** YOUR INSTRUCTIONS **
No pictures belong in the copy. Retype exactly, and only, the stretch of lines below from the one with "Round podiums for" through the one with "The Gifted S:1".

** DATASET **
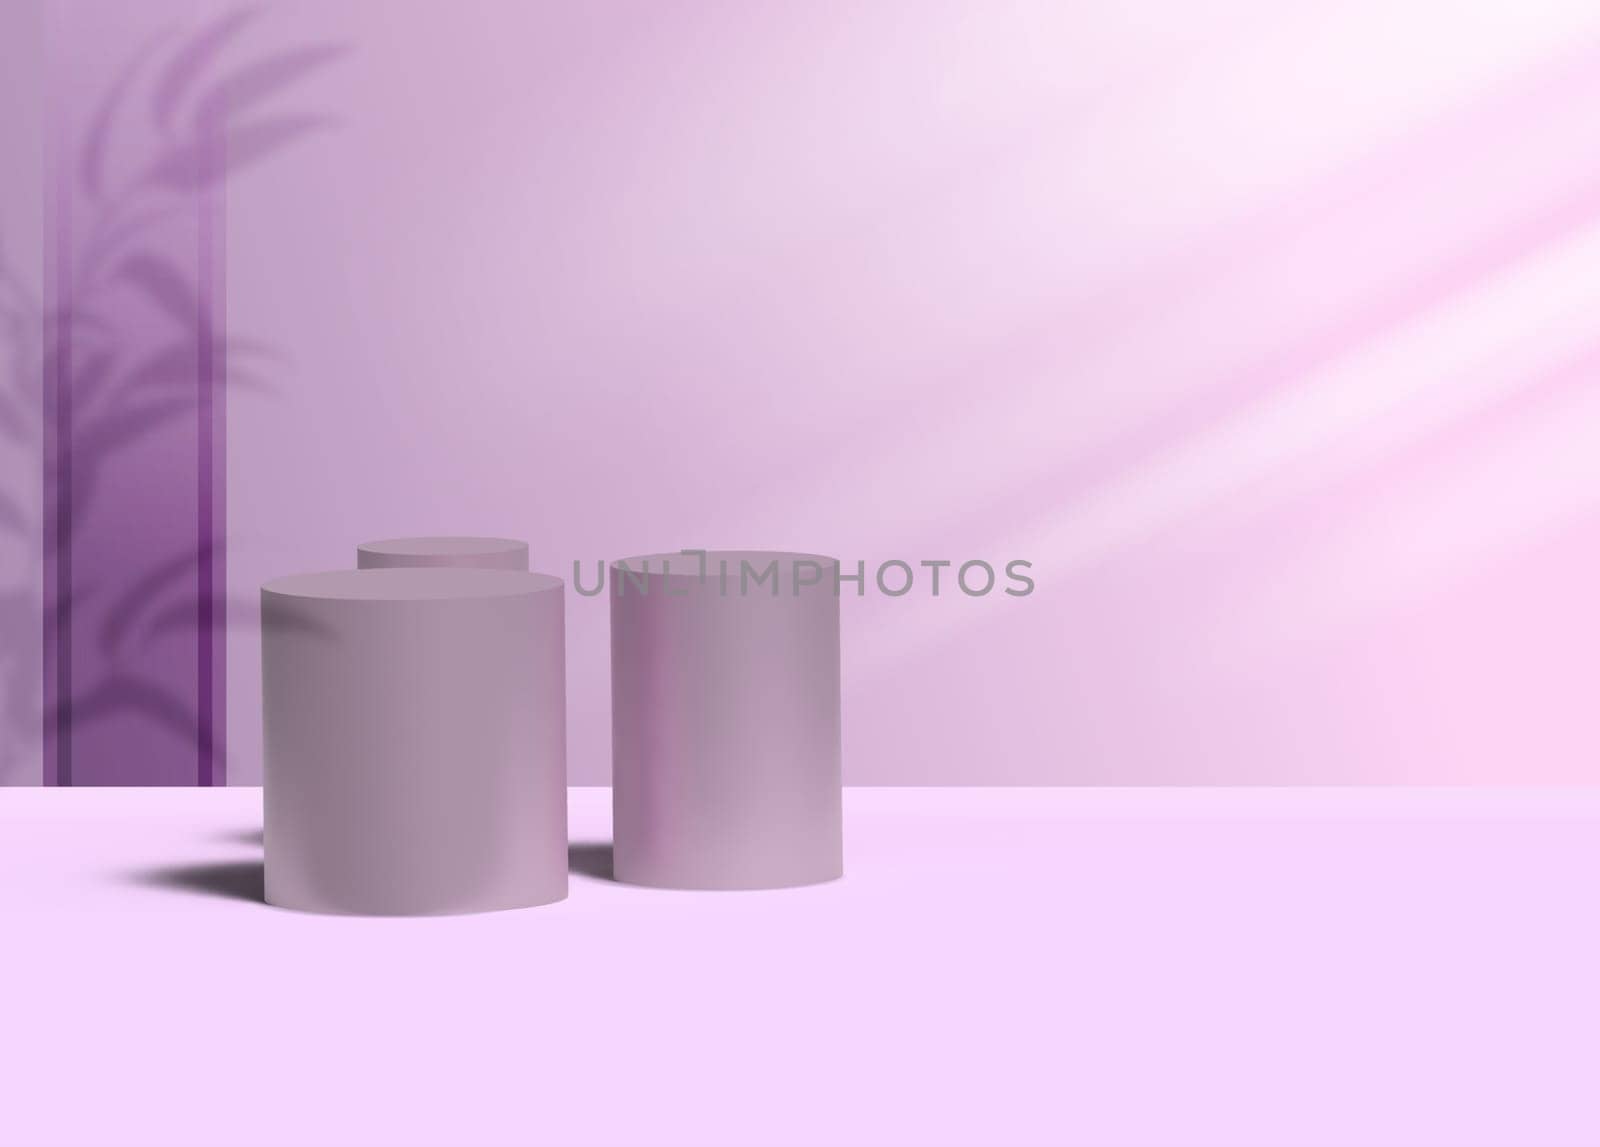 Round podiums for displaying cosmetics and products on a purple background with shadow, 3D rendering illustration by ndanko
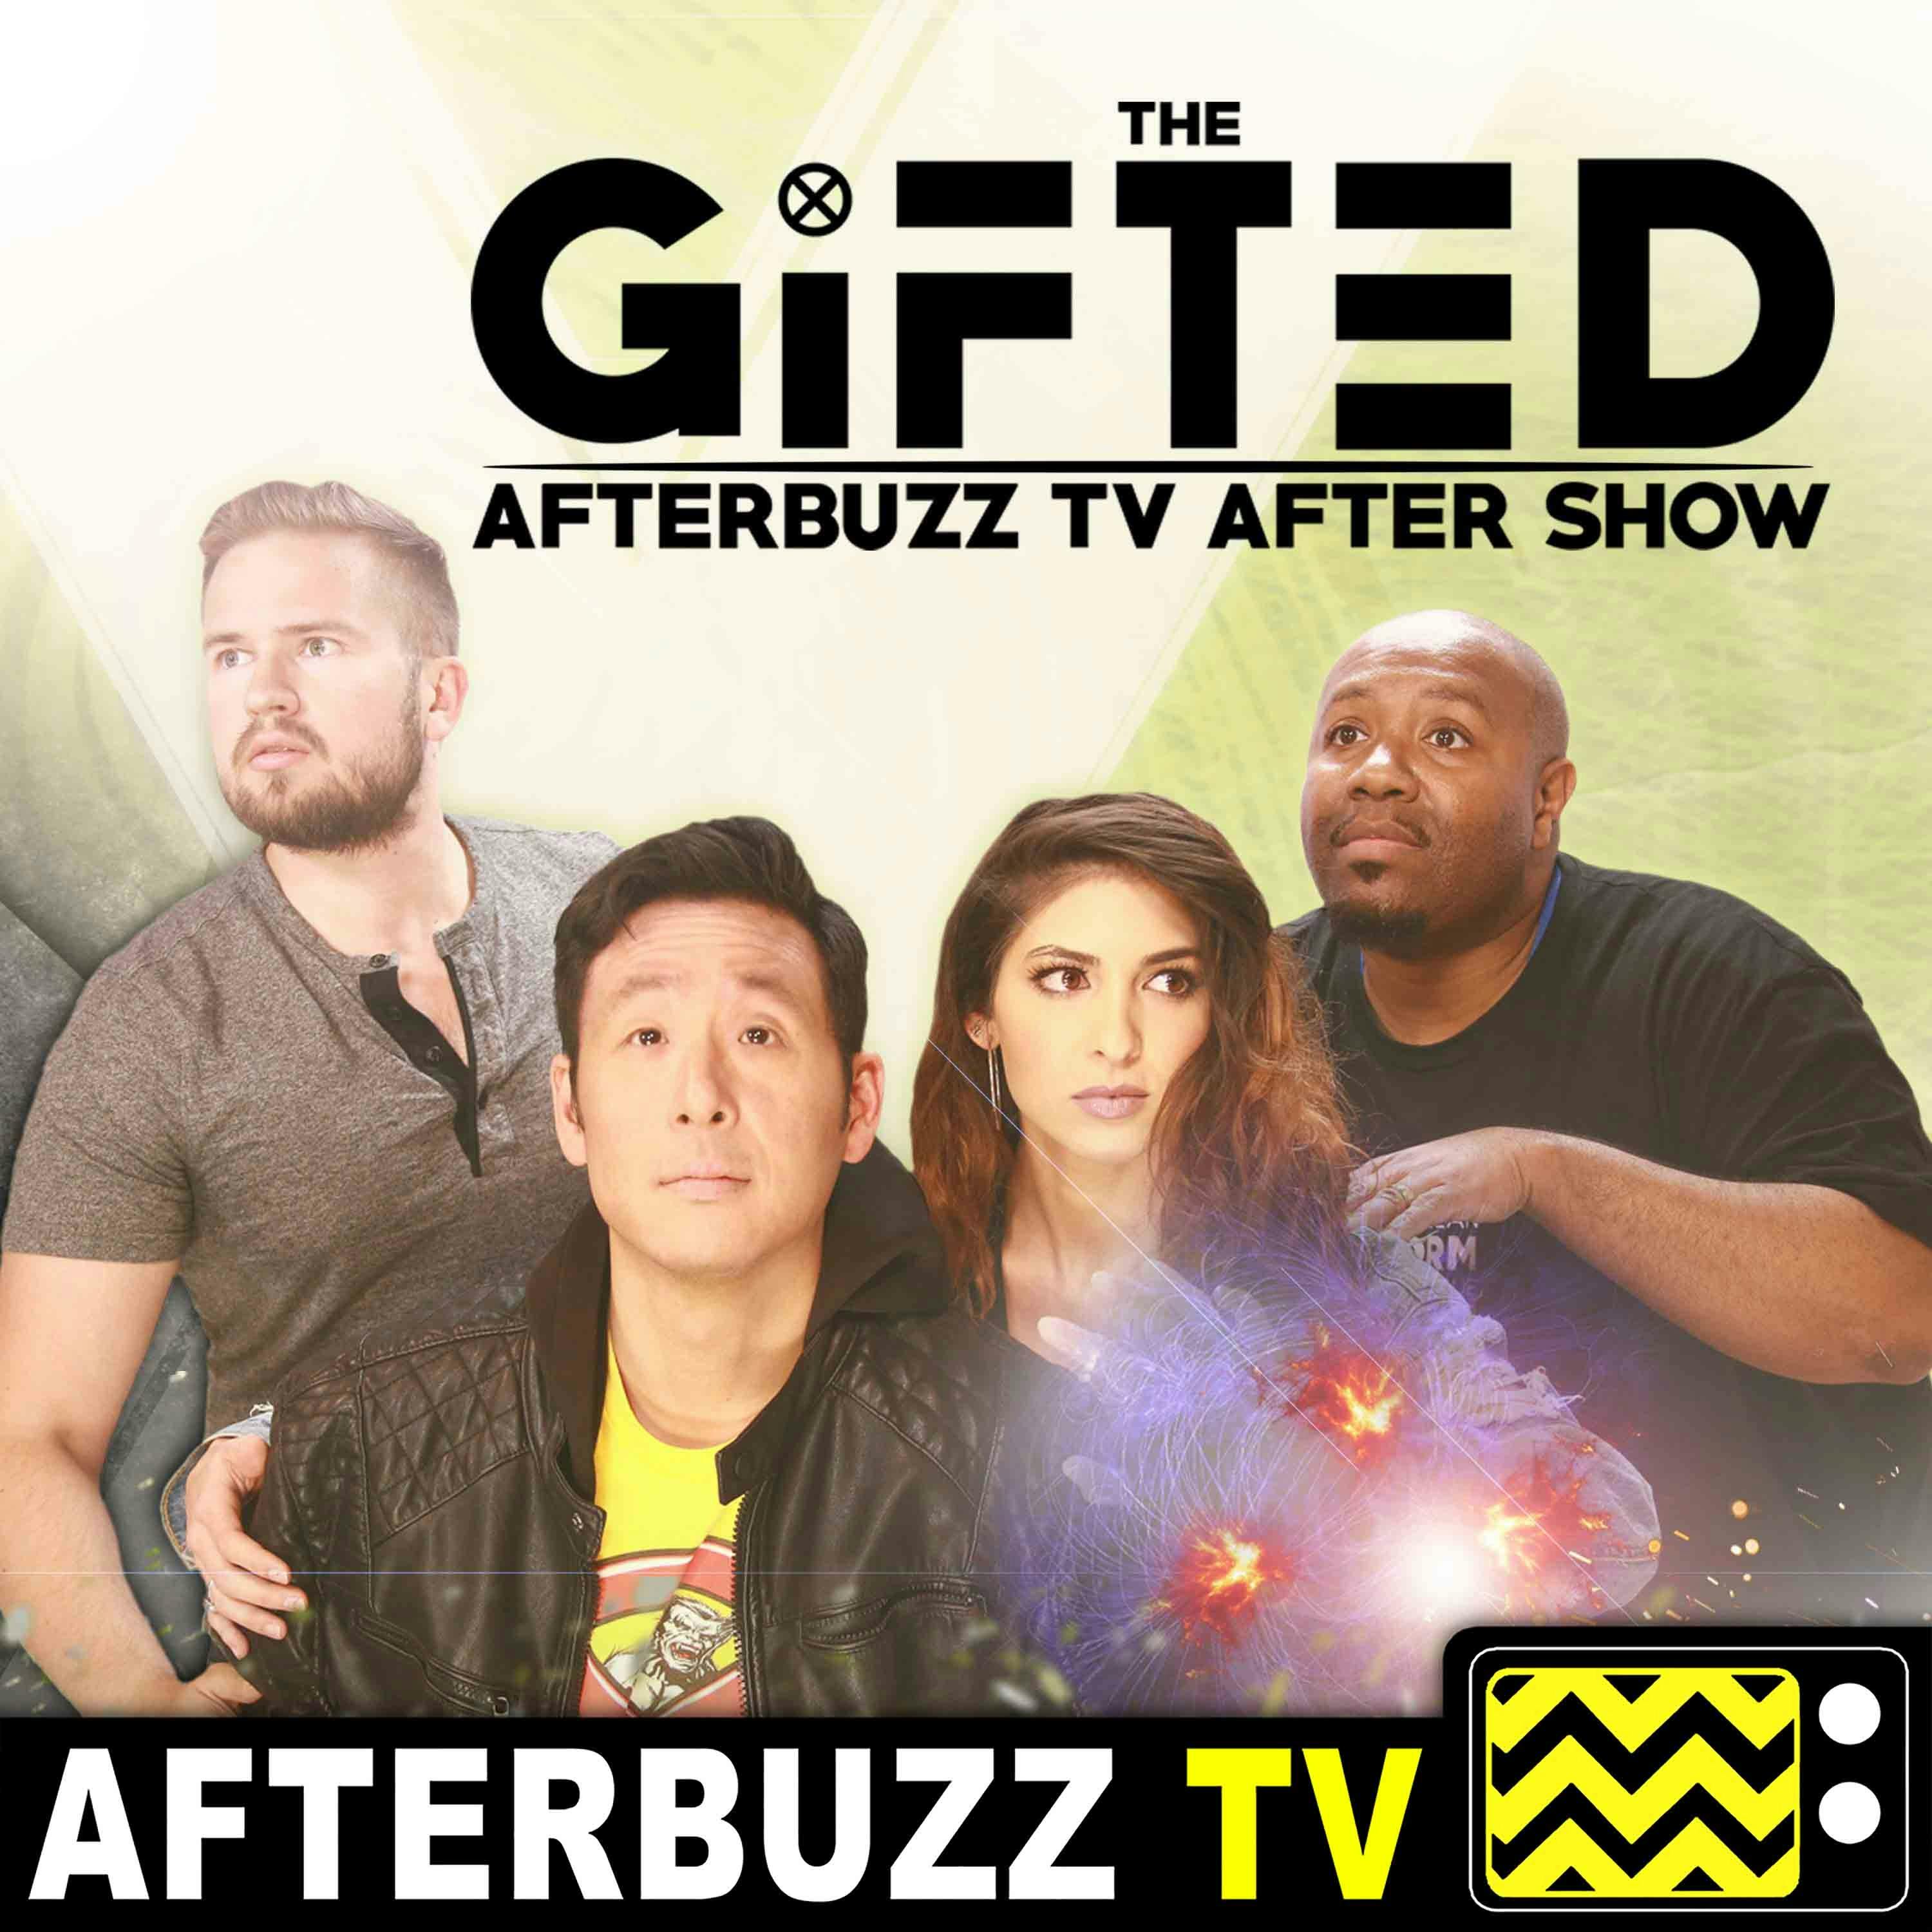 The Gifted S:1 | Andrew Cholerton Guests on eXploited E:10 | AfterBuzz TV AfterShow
---
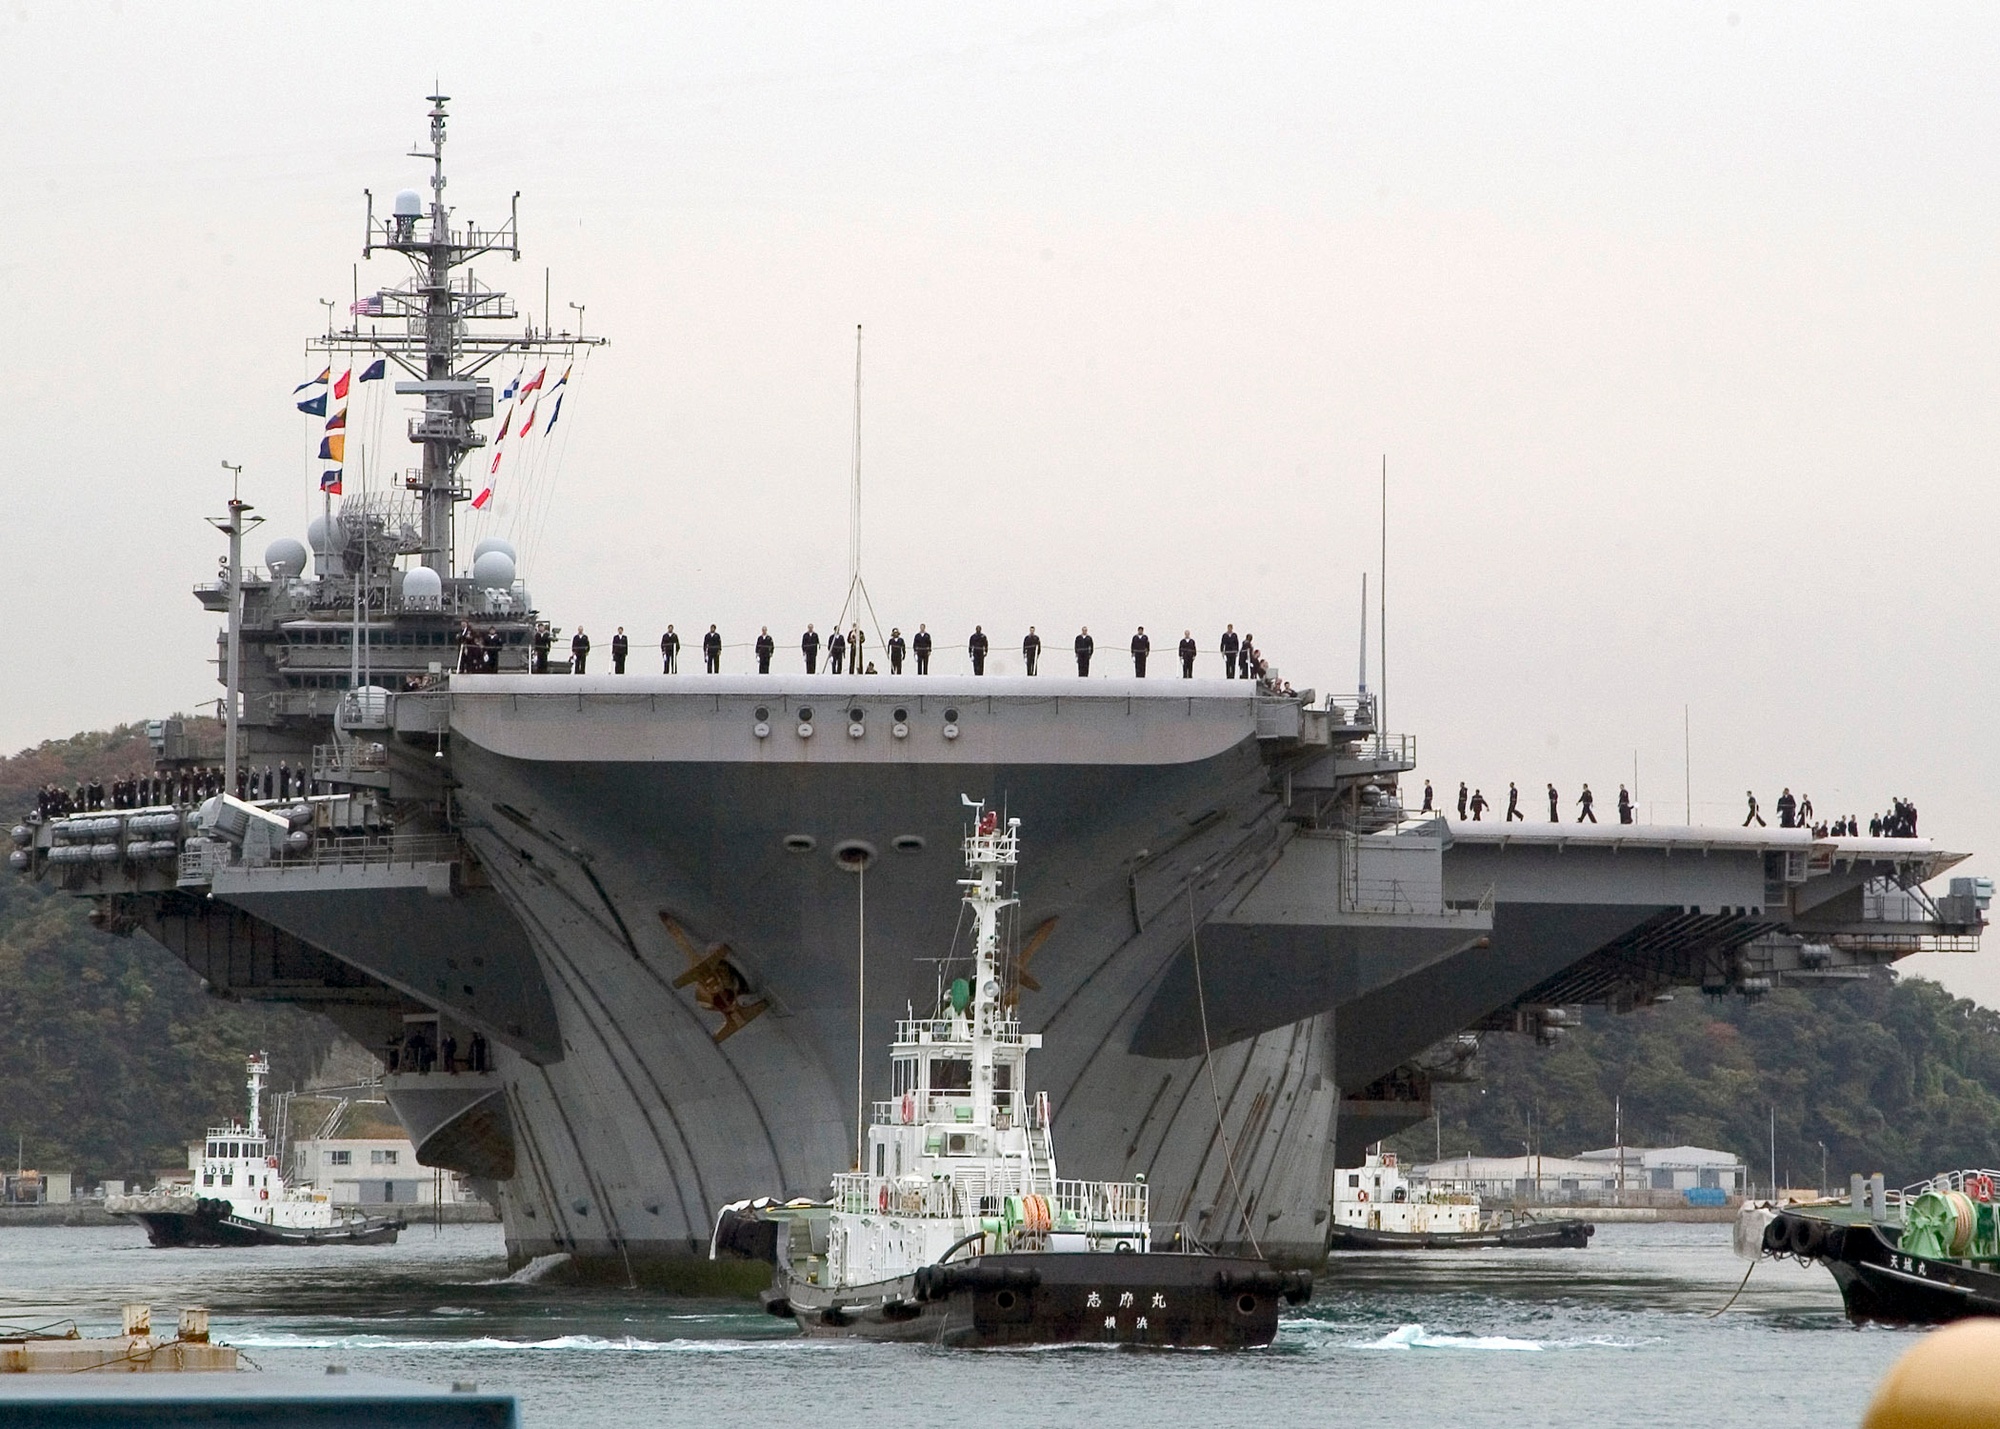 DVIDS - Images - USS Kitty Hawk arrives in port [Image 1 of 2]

** OUTPUT OF THE EXERCISE **
 Round podiums for displaying cosmetics and products on a purple background with shadow, 3D rendering illustration by ndanko
 The Gifted S:1 | Andrew Cholerton Guests on eXploited E:10 | AfterBuzz TV AfterShow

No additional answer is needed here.